[WORK ITEM] In the data below, set down exactly the lines from the one containing "transcona sports massage clinic in winnipeg" up to and including the one containing "Lego Harry Potter Wallpaper 2". Leave the pictures out.

[DATA FOR THE TASK]

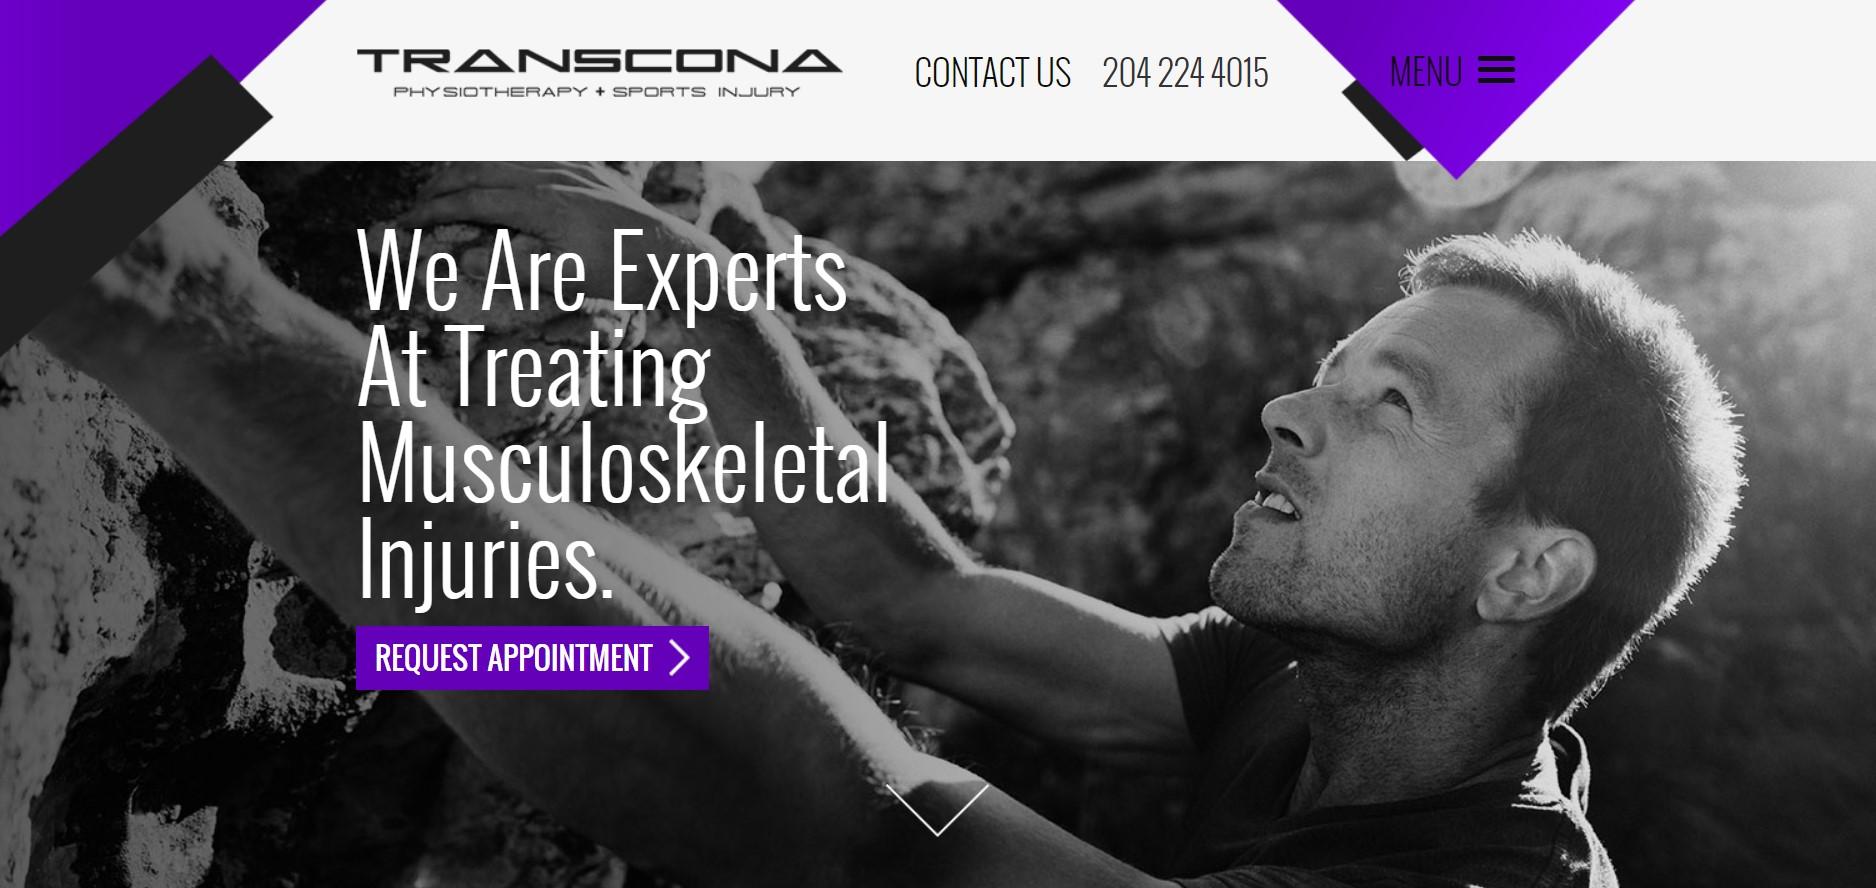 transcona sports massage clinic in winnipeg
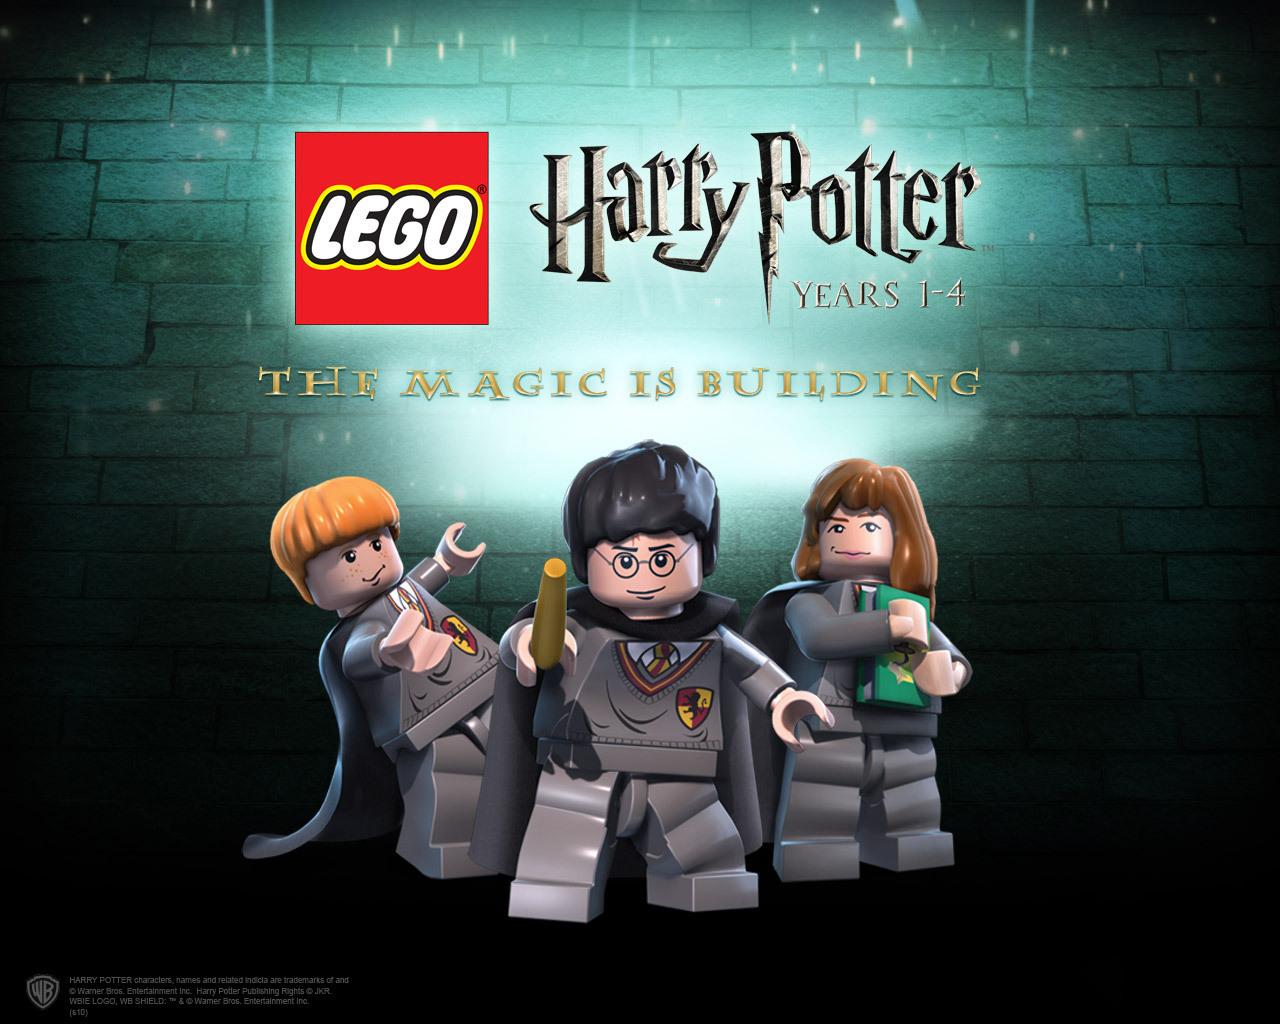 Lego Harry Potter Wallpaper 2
==
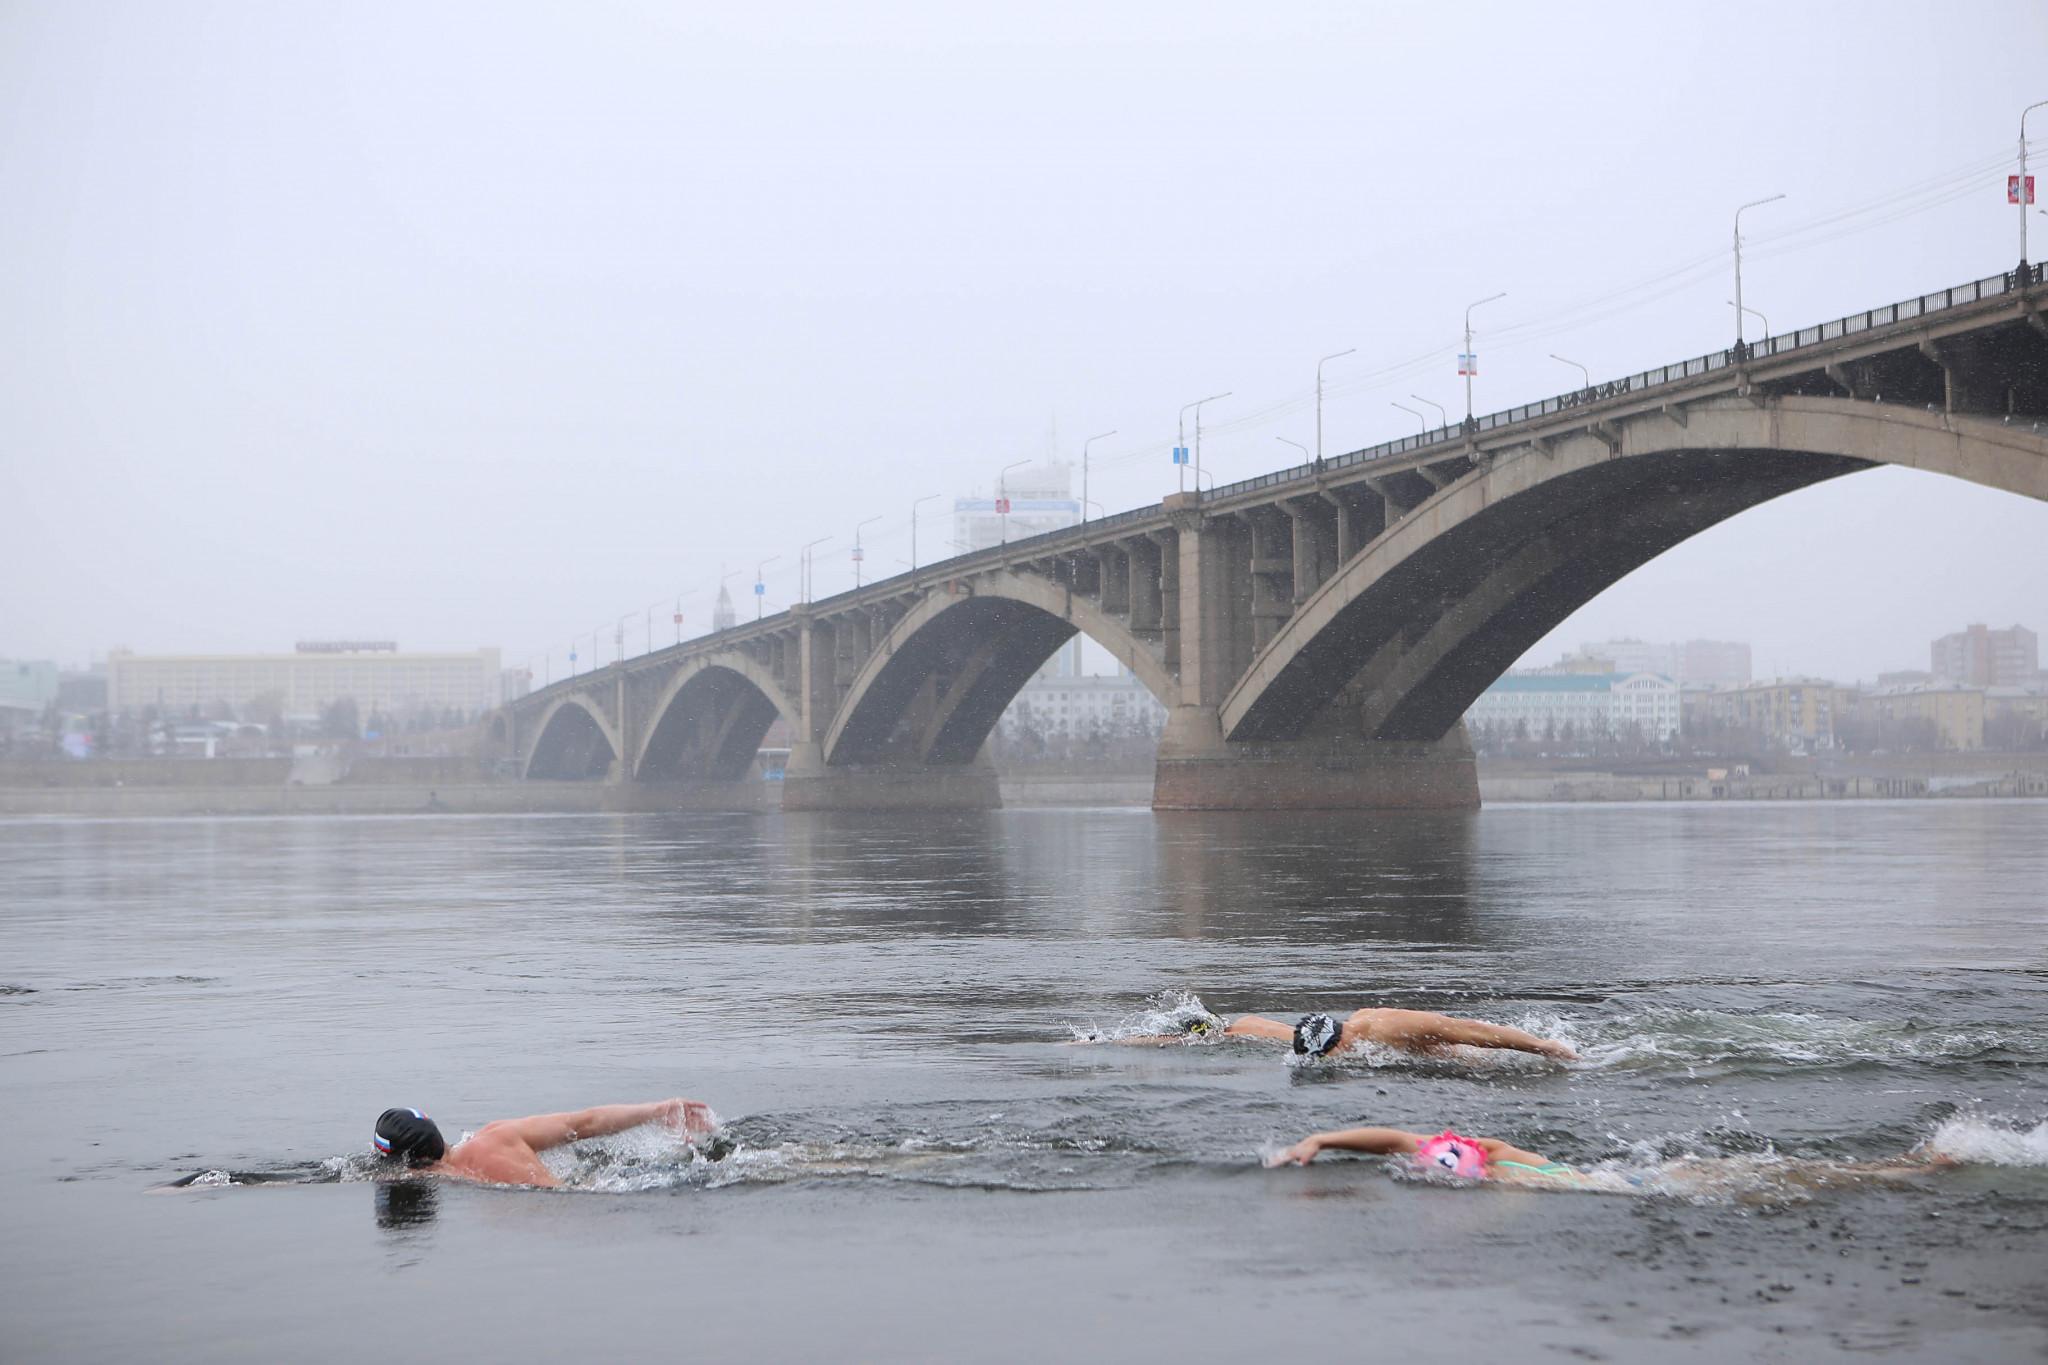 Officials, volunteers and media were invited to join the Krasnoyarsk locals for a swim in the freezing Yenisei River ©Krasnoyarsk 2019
...
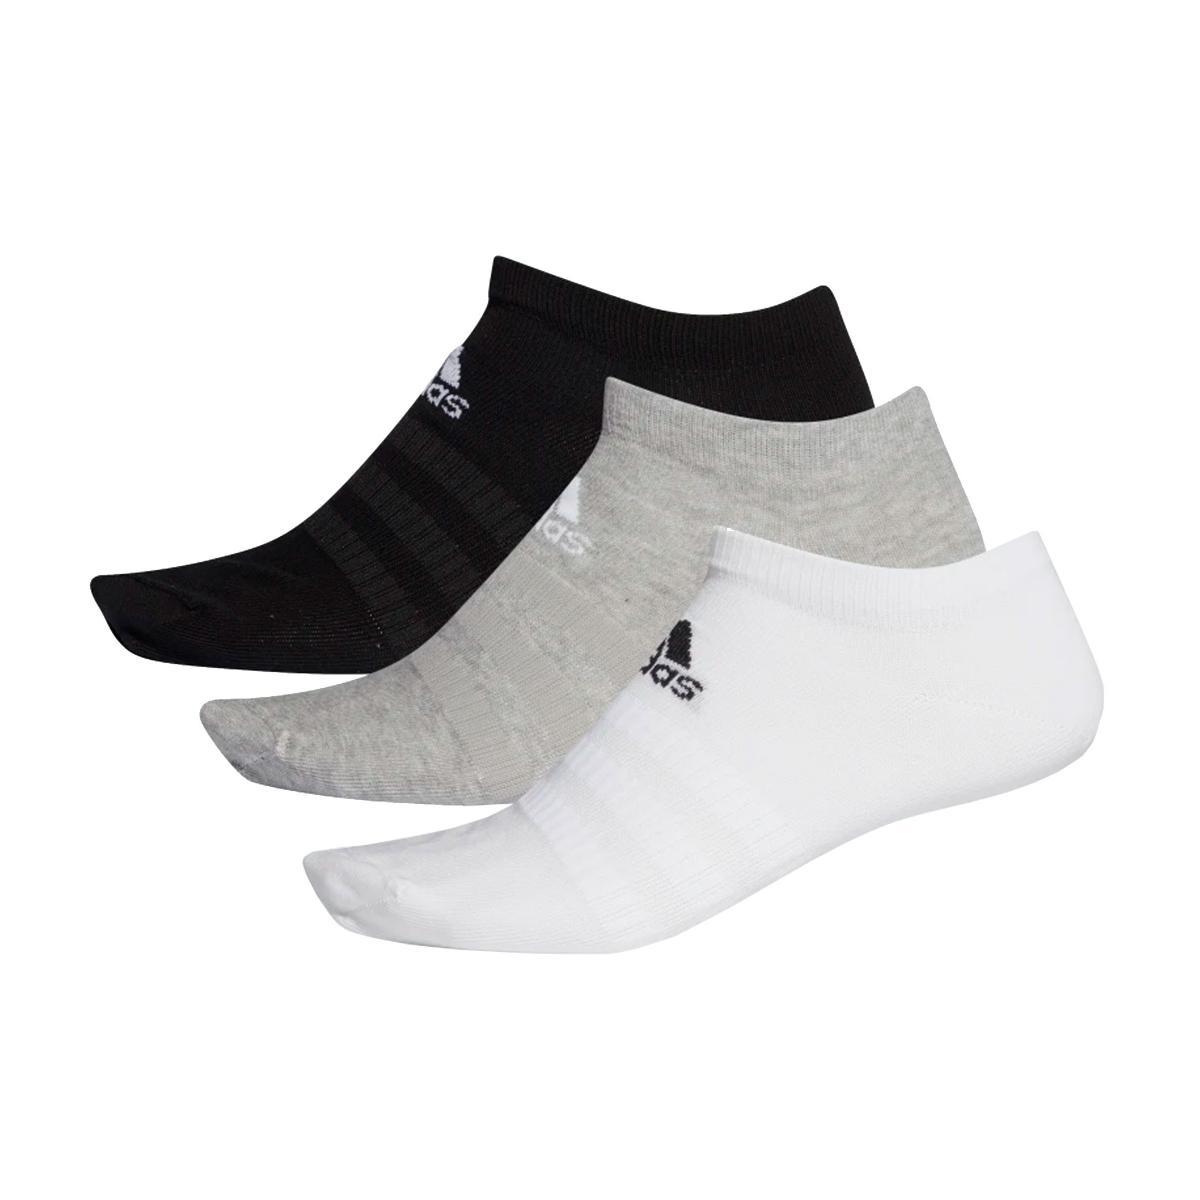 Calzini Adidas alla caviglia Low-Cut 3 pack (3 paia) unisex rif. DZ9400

[COMPLETED EXERCISE]
 transcona sports massage clinic in winnipeg
 Lego Harry Potter Wallpaper 2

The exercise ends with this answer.